**Assignment**: Take the lines from the one containing "Kleines politisches Wörterbuch" through the end of the material and write them out exactly, omitting pictures.

**Source material**:
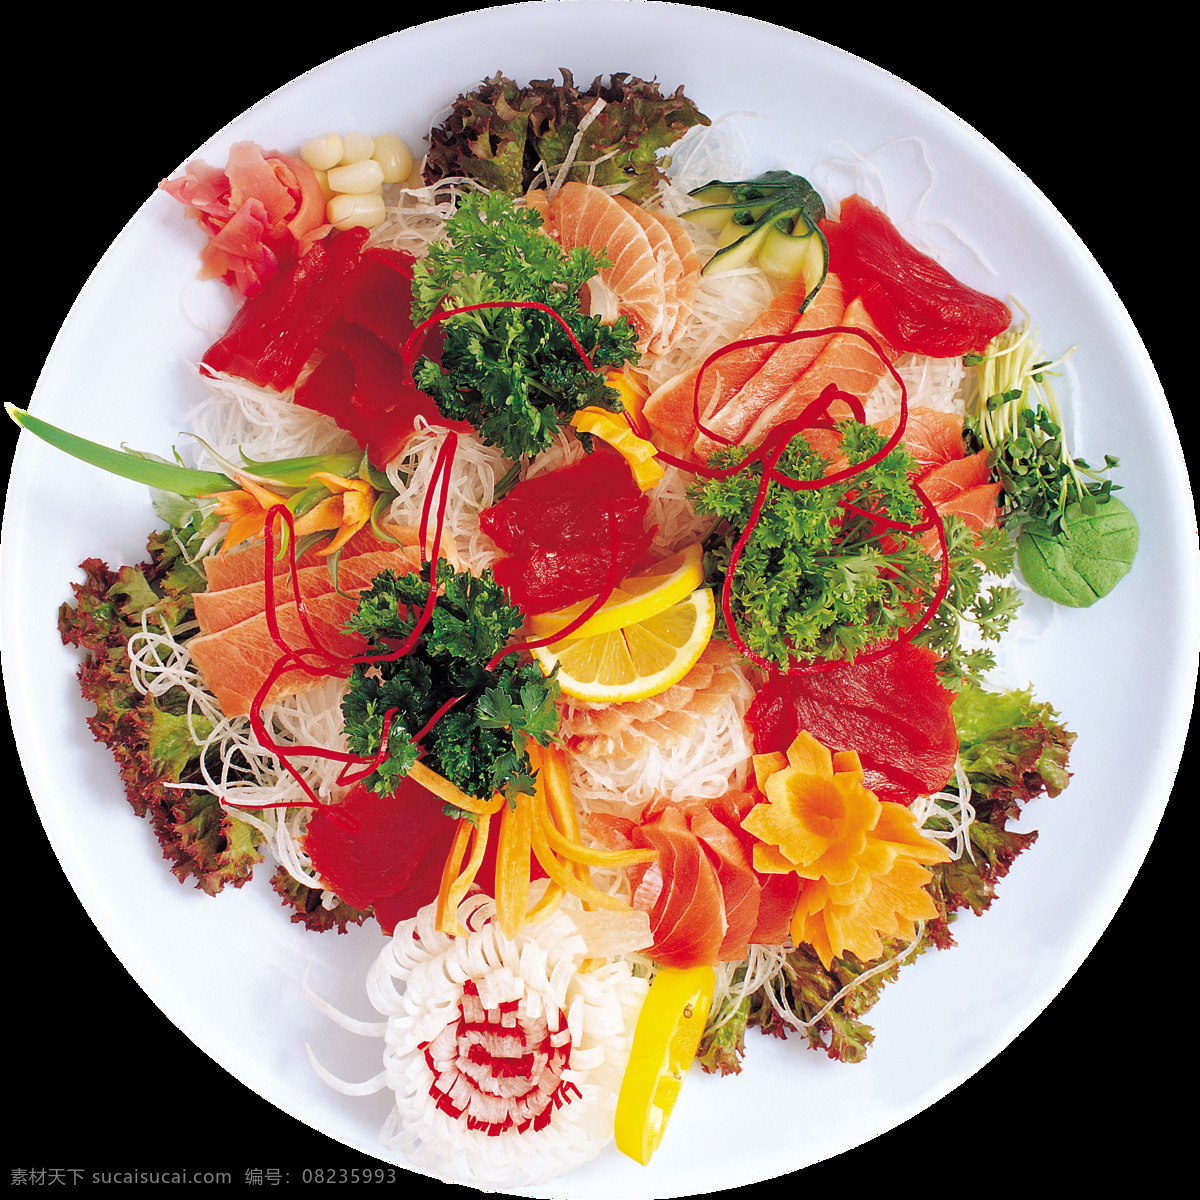 清新 白色 盘子 刺身 料理 美食 产品 实物 白色盘子 产品实物 日式料理 寿司
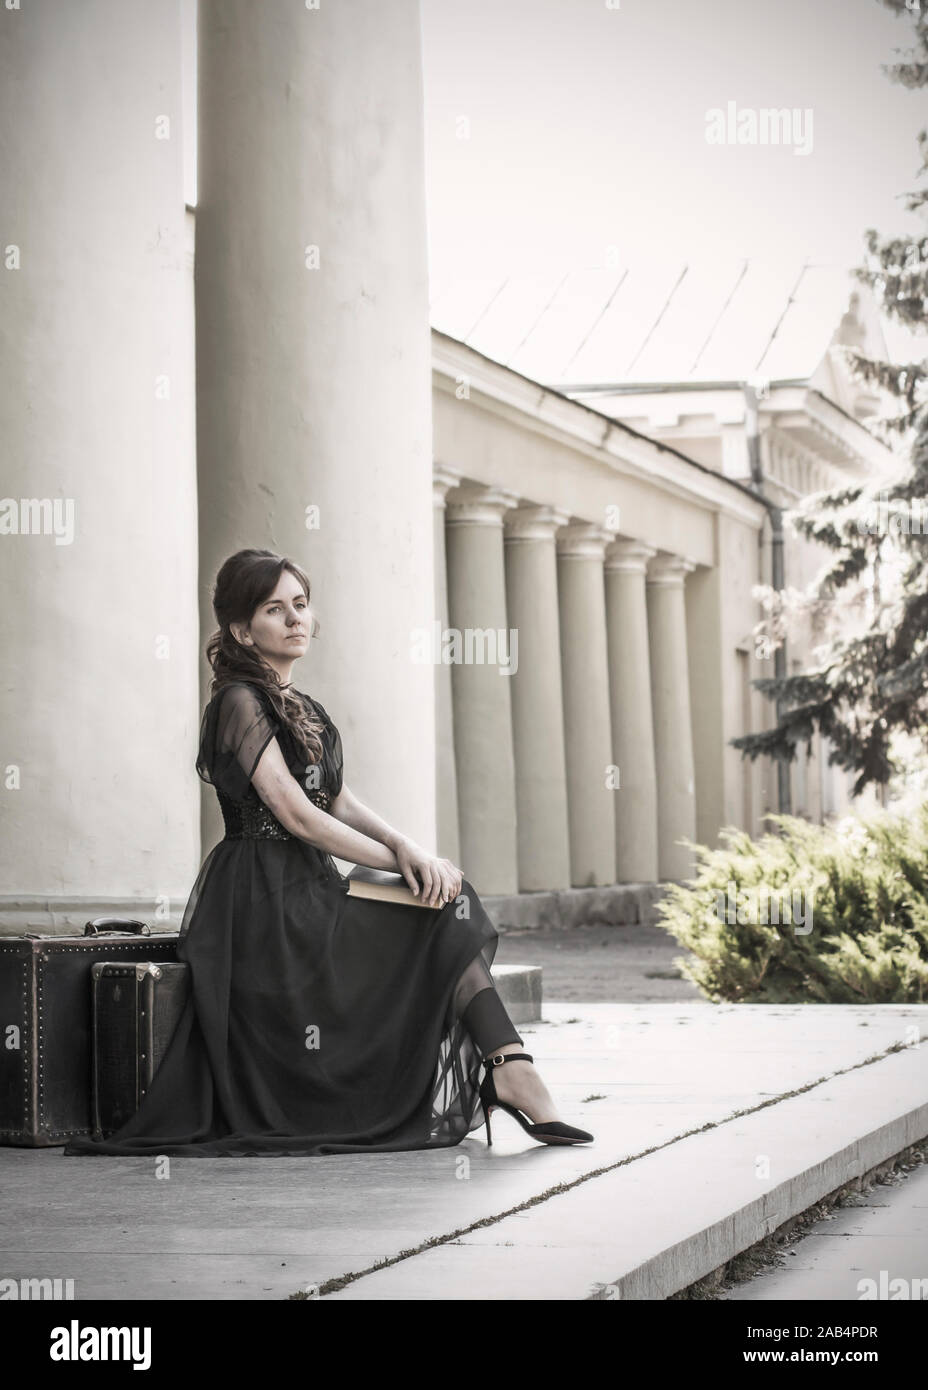 Schöne Mädchen in einem schwarzen Abendkleid sitzt mit einem Buch. Ein Mädchen sitzt mit Koffern in der Nähe ein altes Gebäude mit Säulen. Schöne Frau mit Narben. Re Stockfoto
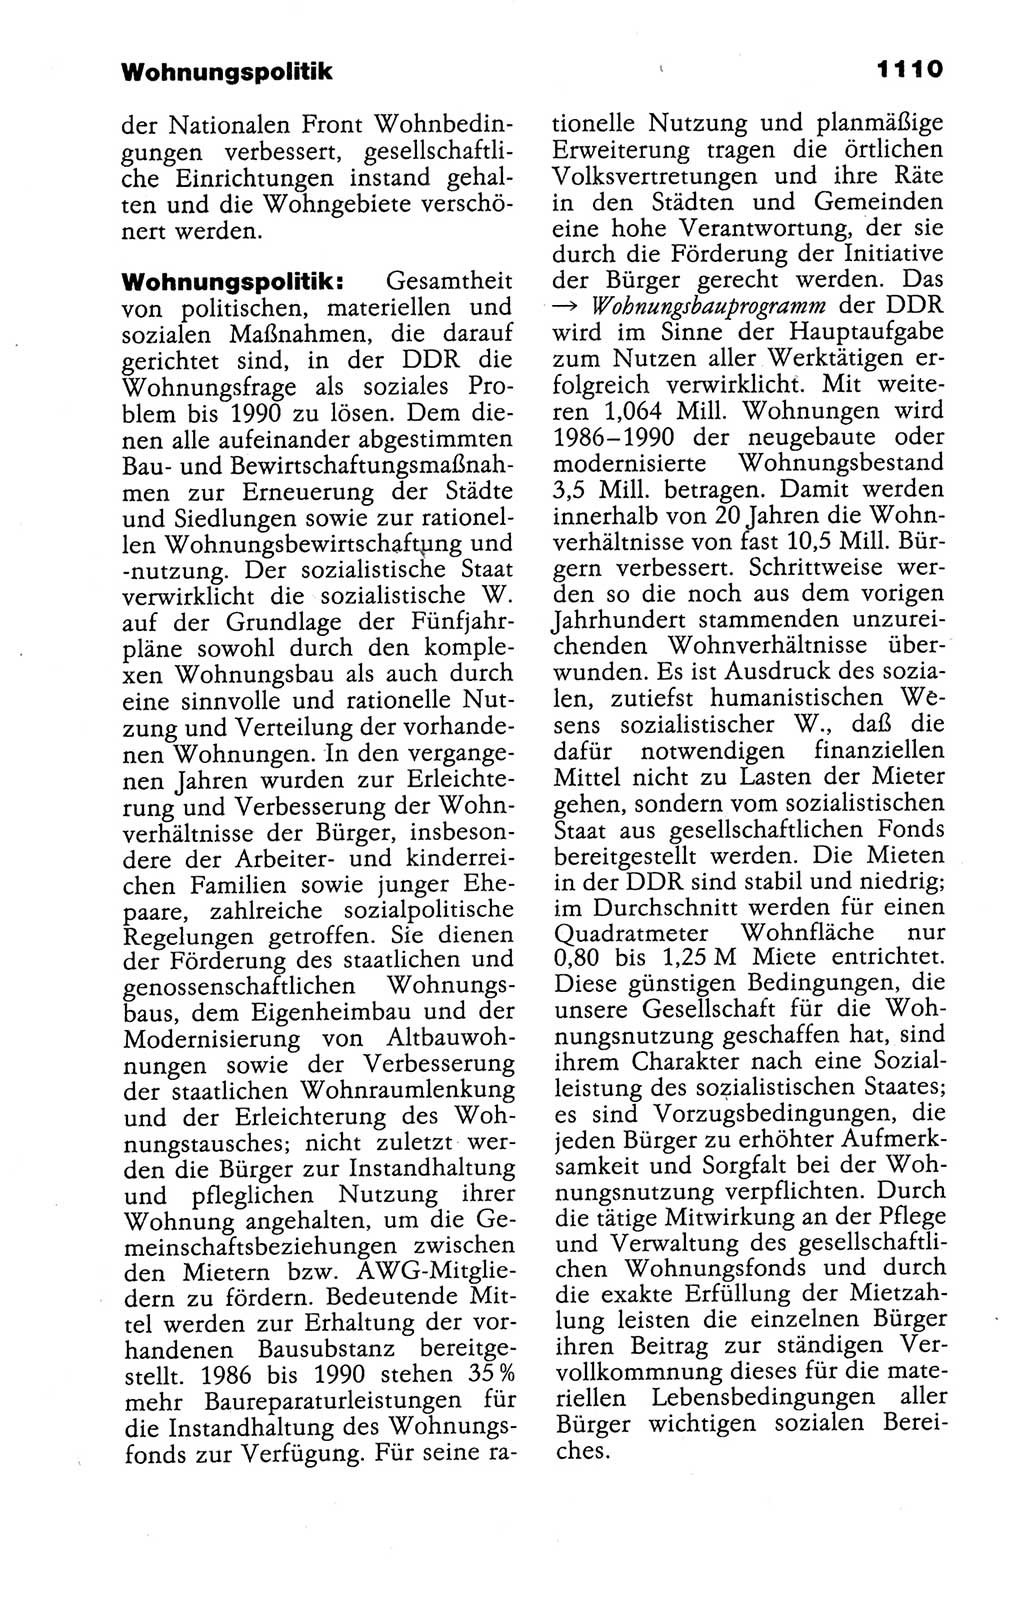 Kleines politisches Wörterbuch [Deutsche Demokratische Republik (DDR)] 1988, Seite 1110 (Kl. pol. Wb. DDR 1988, S. 1110)
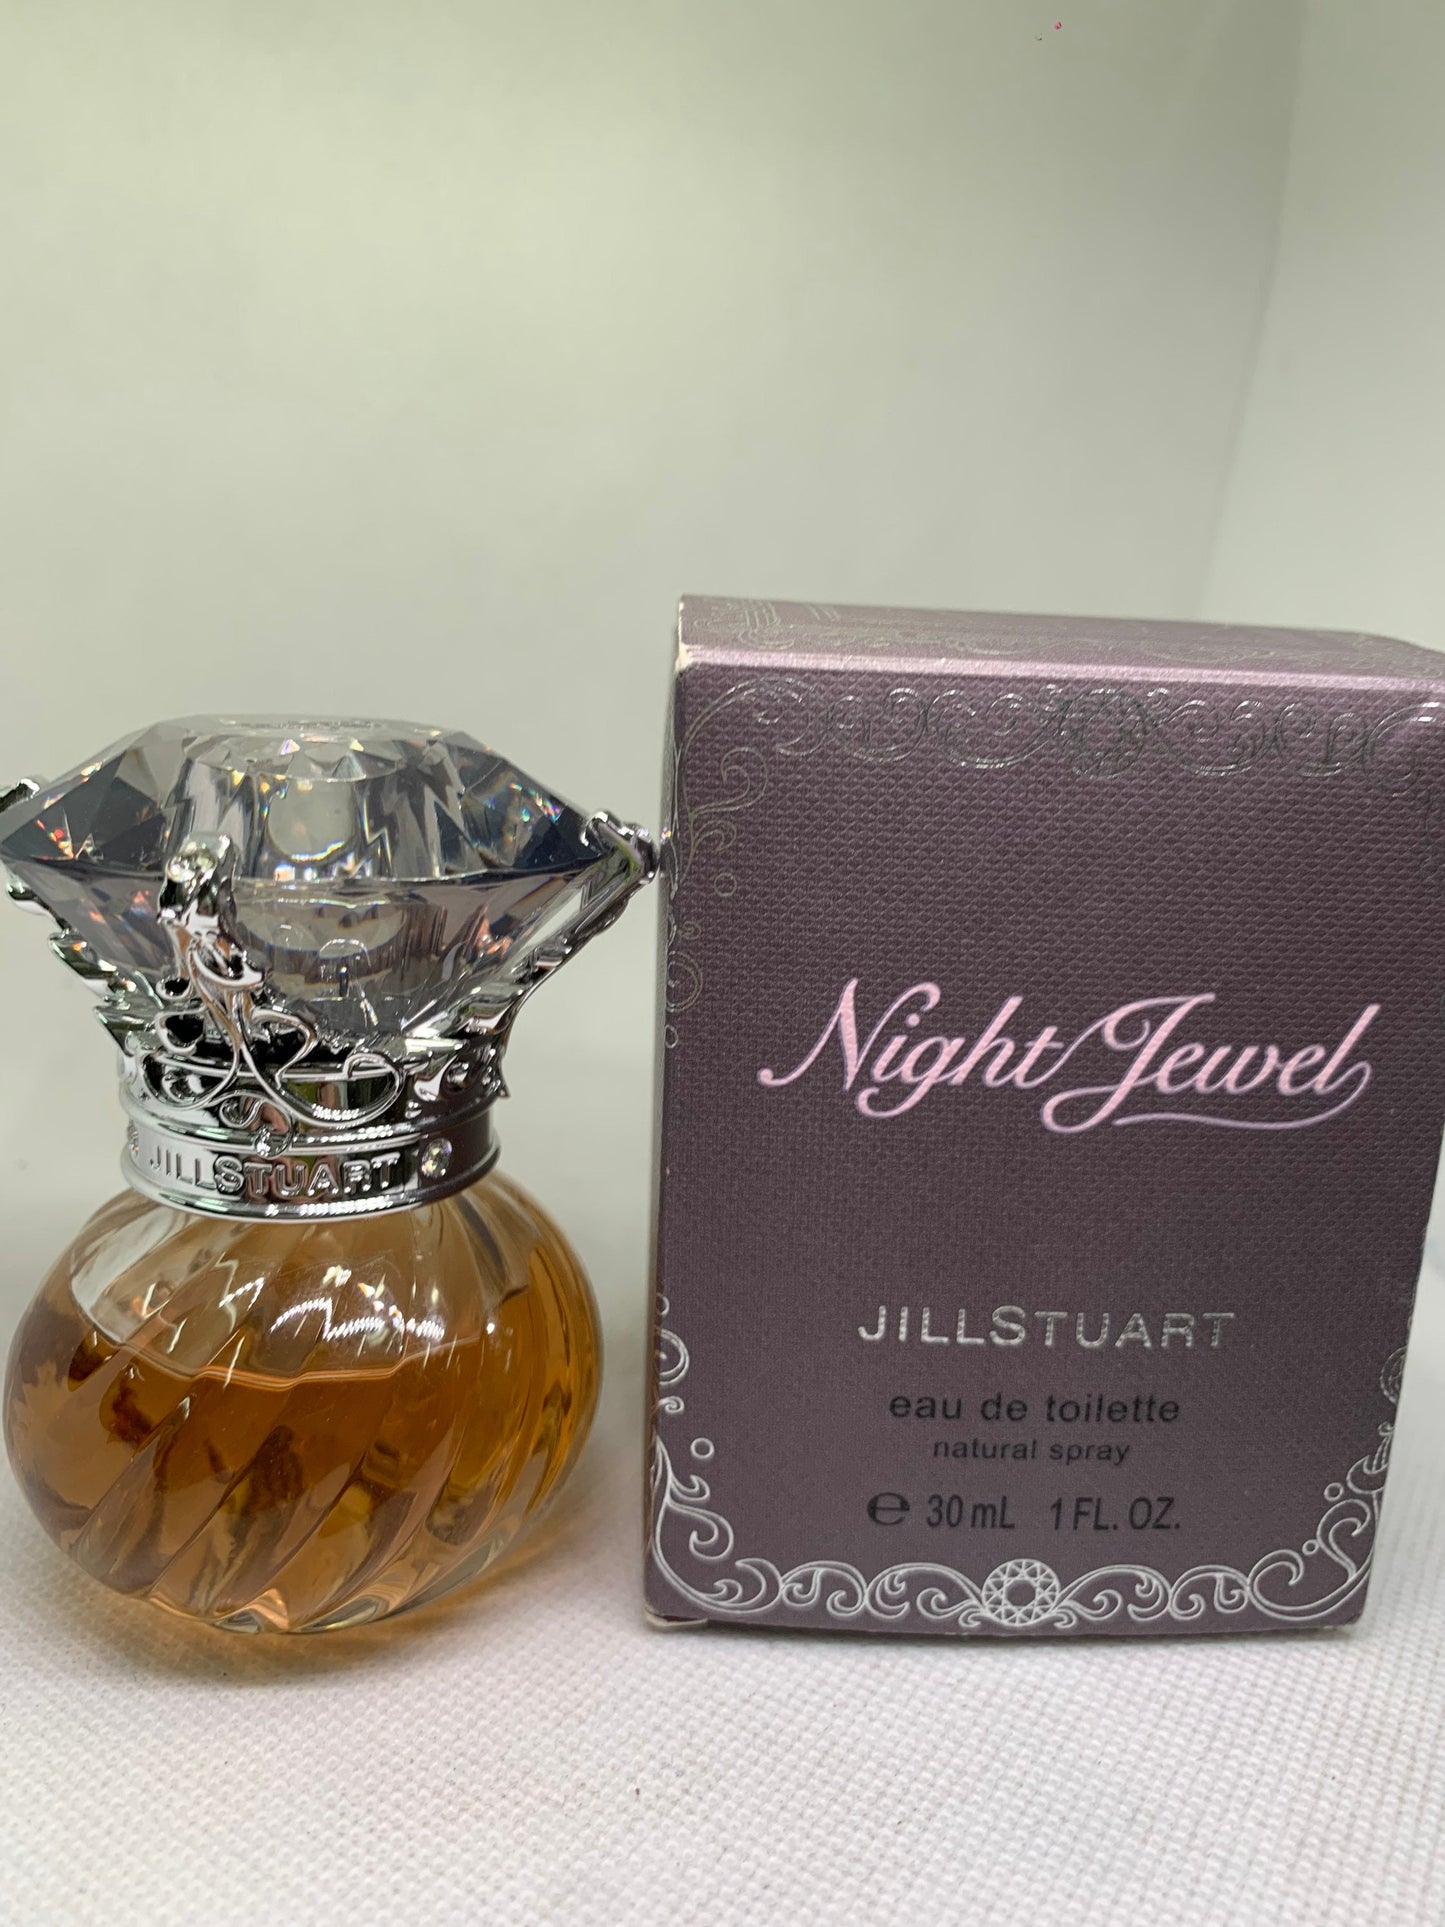 JILLSTART Jill Stewart EDT Night Love Lady NightJewel Eau de Toilette 30 ml 1 Fl oz Floral (bb 21 Apr 22)

**Written answer**:
 Kleines politisches Wörterbuch [Deutsche Demokratische Republik (DDR)] 1988, Seite 1110 (Kl. pol. Wb. DDR 1988, S. 1110)
 JILLSTART Jill Stewart EDT Night Love Lady NightJewel Eau de Toilette 30 ml 1 Fl oz Floral (bb 21 Apr 22)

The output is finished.